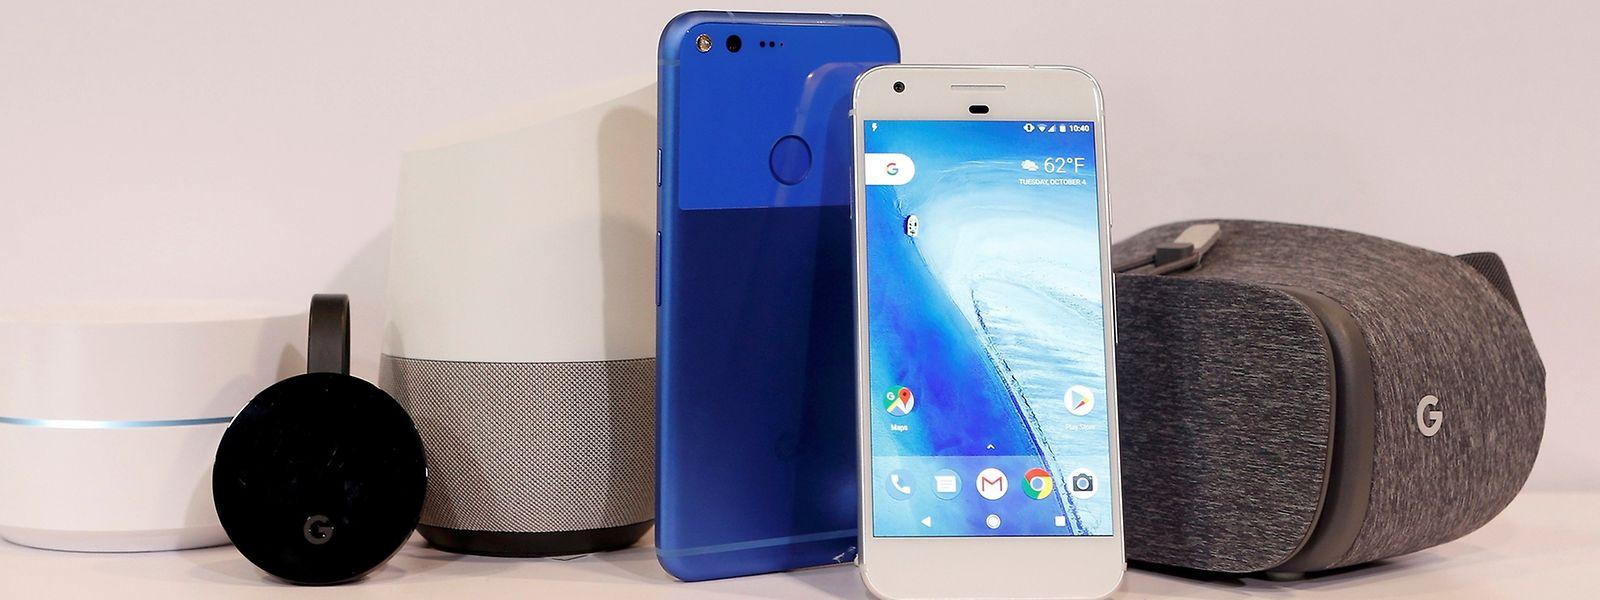 Google Wifi, Google Chromecast Ultra, Google Home, Google Pixel XL, Google Pixel and Google Dreamview VR waren während der Vorstellung auf dem Gerät angezeigt.
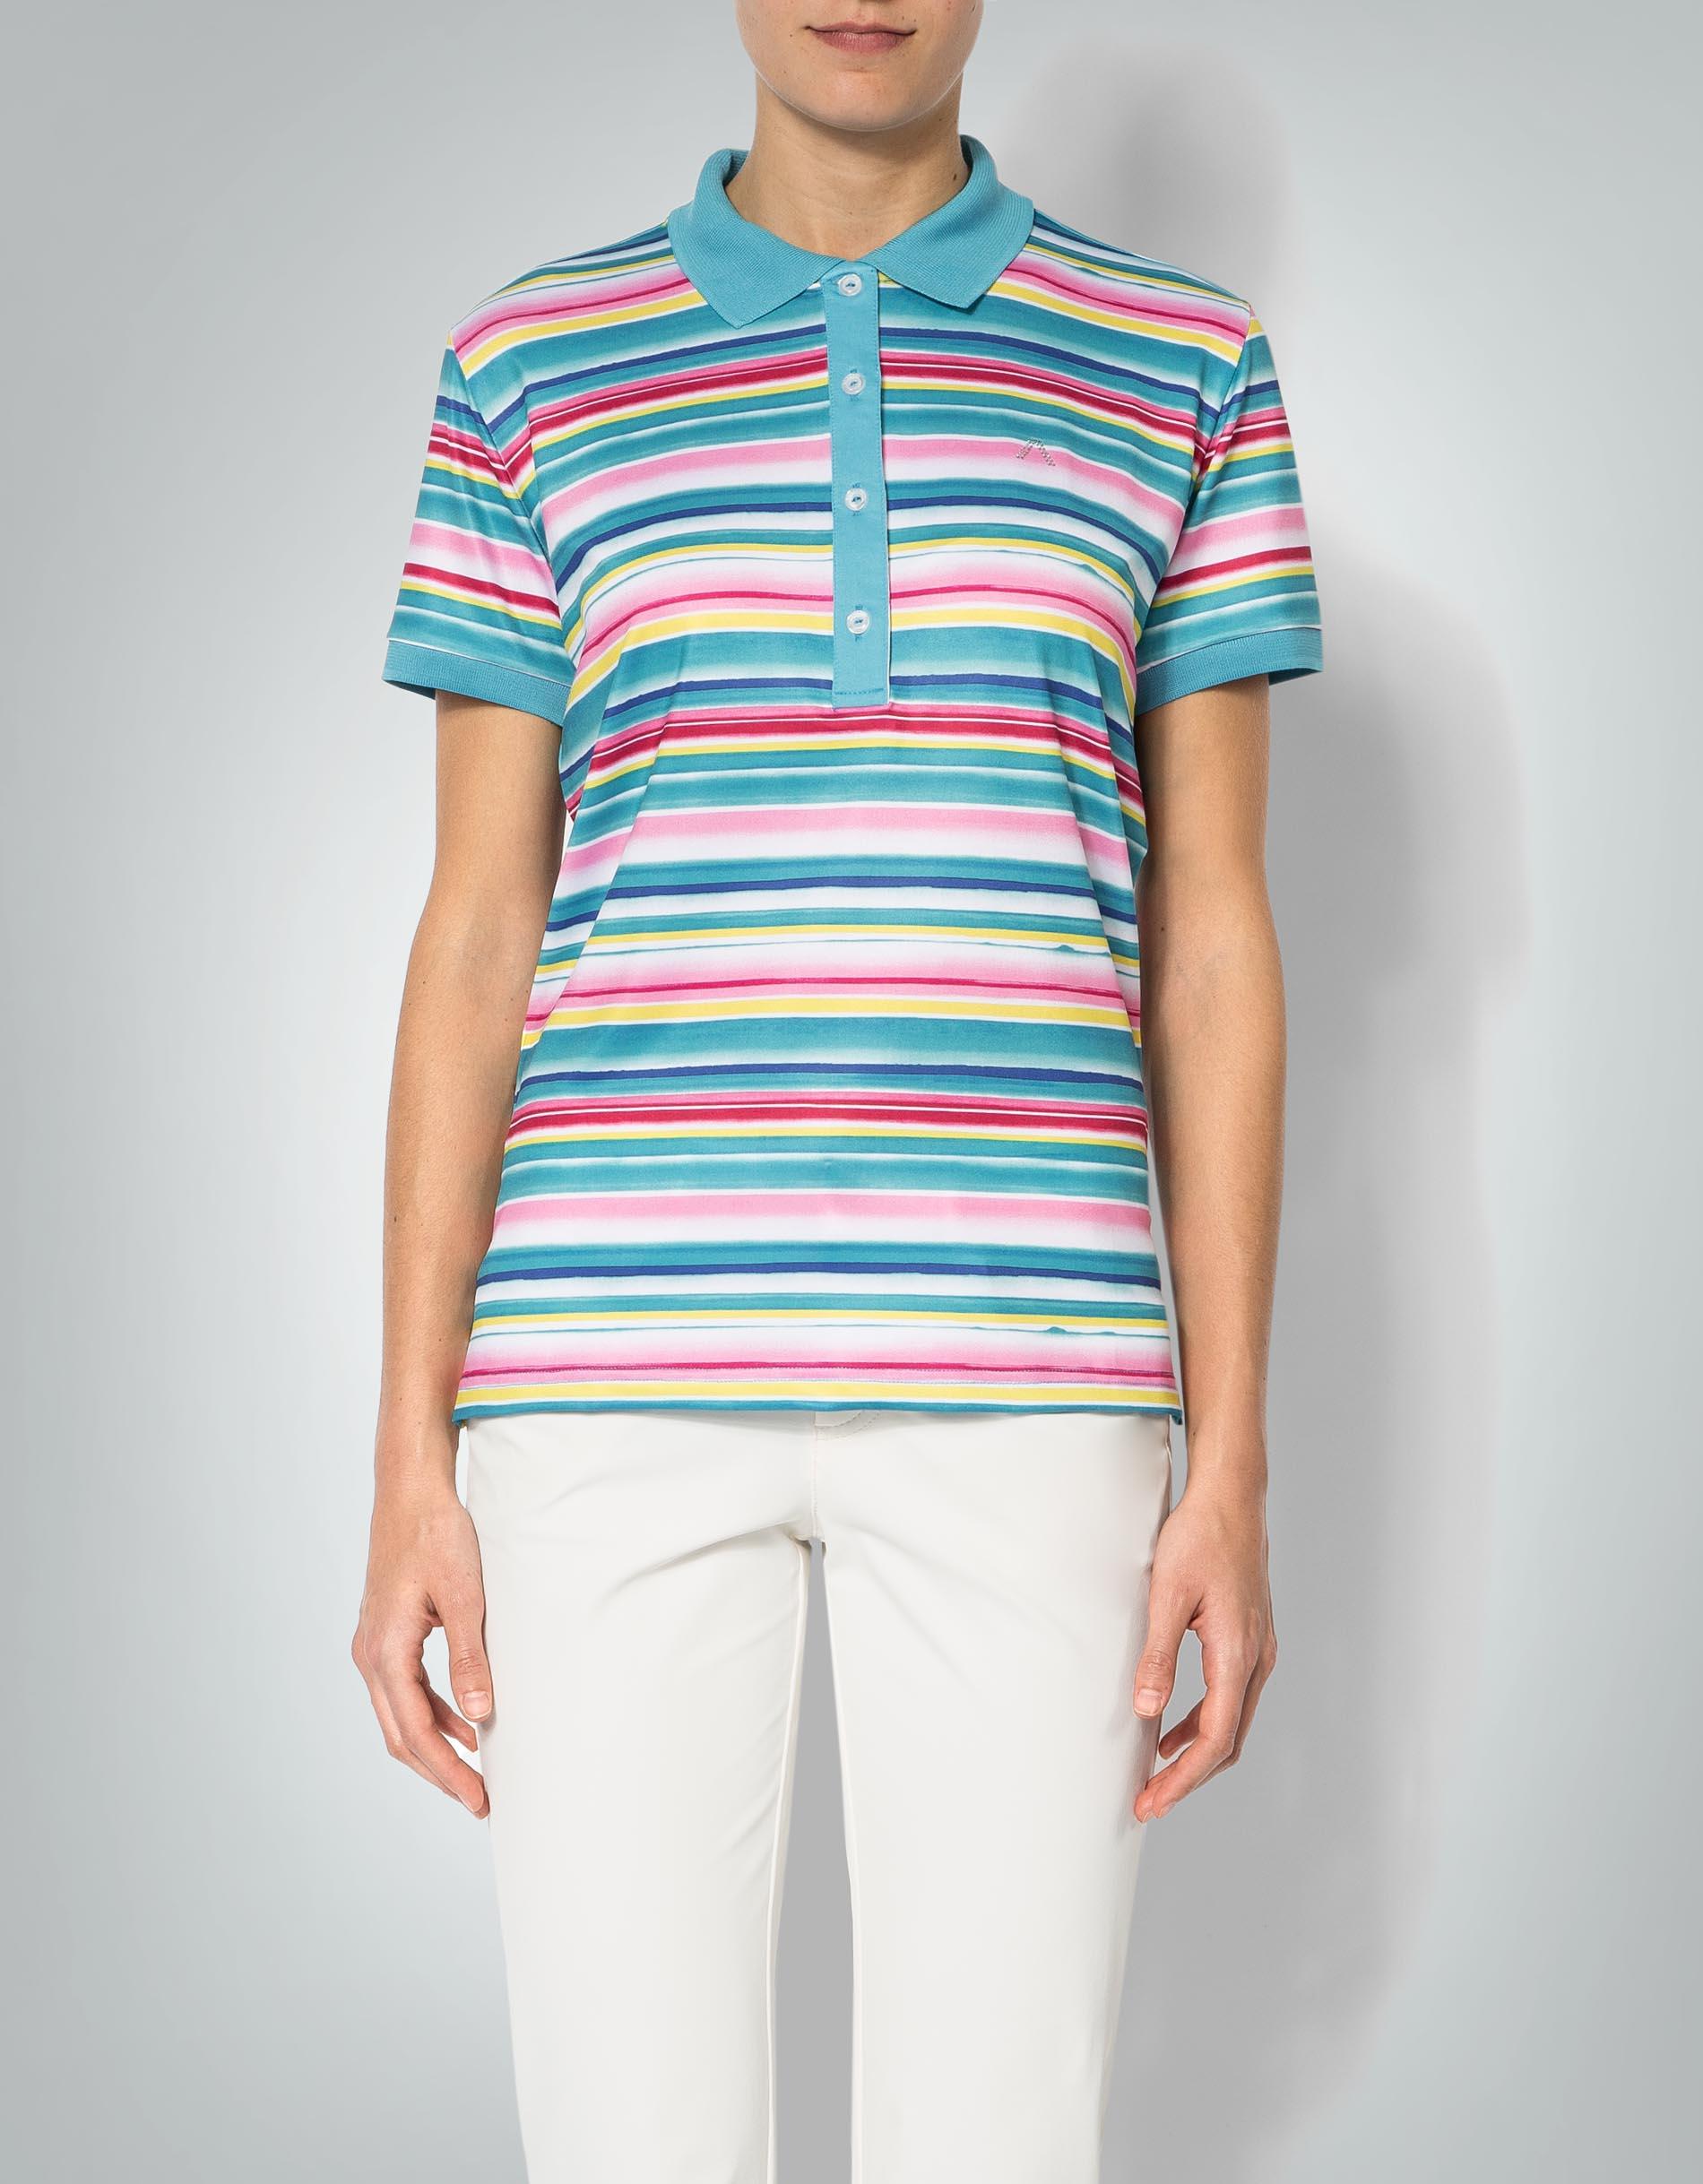 alberto golf damen polo shirt lynn im streifen dessin empfohlen von deinen schwestern. Black Bedroom Furniture Sets. Home Design Ideas
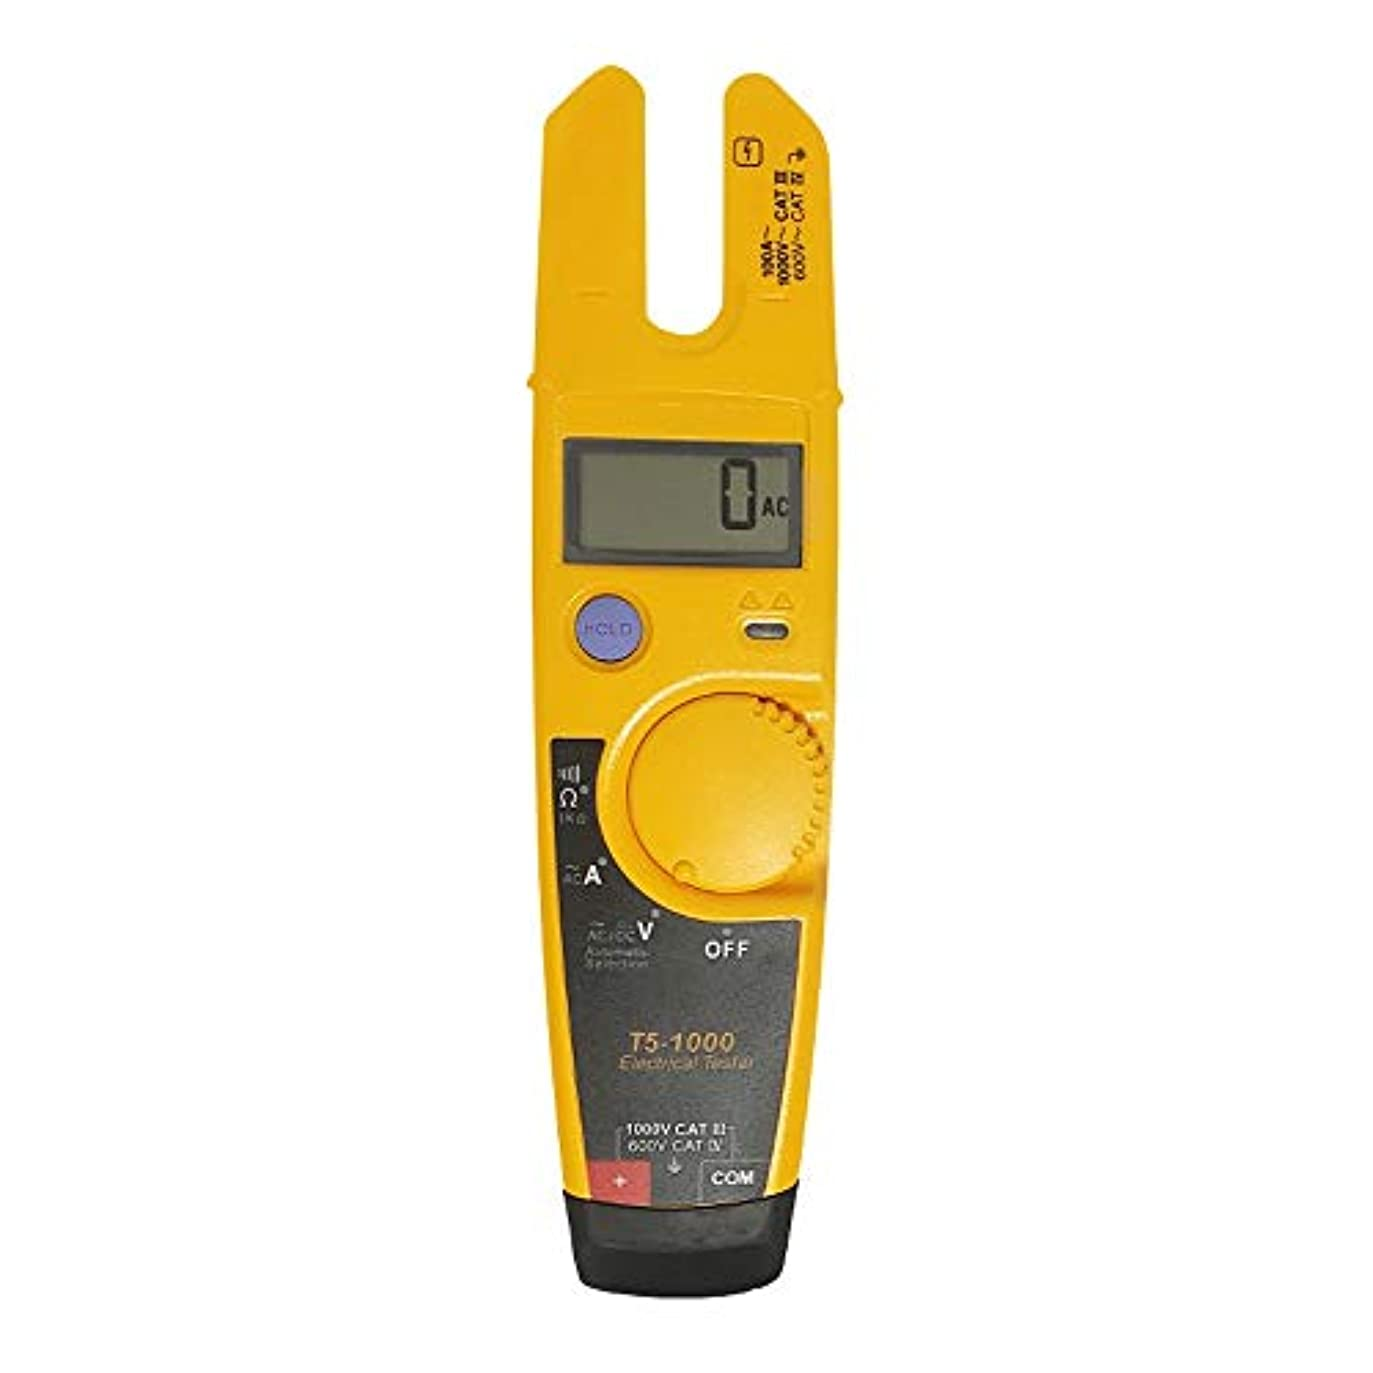 申請者論争アスリートBTXXYJP Labloot ソフトケース付き T5-600 クランプメーター 電圧 連続電流 クランプメーター

□ □ □ □ □

* _Work item_
Every line of the data should be copied as it stands, without the images.

* _Reply to the exercise_
 Google Wifi, Google Chromecast Ultra, Google Home, Google Pixel XL, Google Pixel and Google Dreamview VR waren während der Vorstellung auf dem Gerät angezeigt.
 alberto golf damen polo shirt lynn im streifen dessin empfohlen von deinen schwestern. Black Bedroom Furniture Sets. Home Design Ideas
 申請者論争アスリートBTXXYJP Labloot ソフトケース付き T5-600 クランプメーター 電圧 連続電流 クランプメーター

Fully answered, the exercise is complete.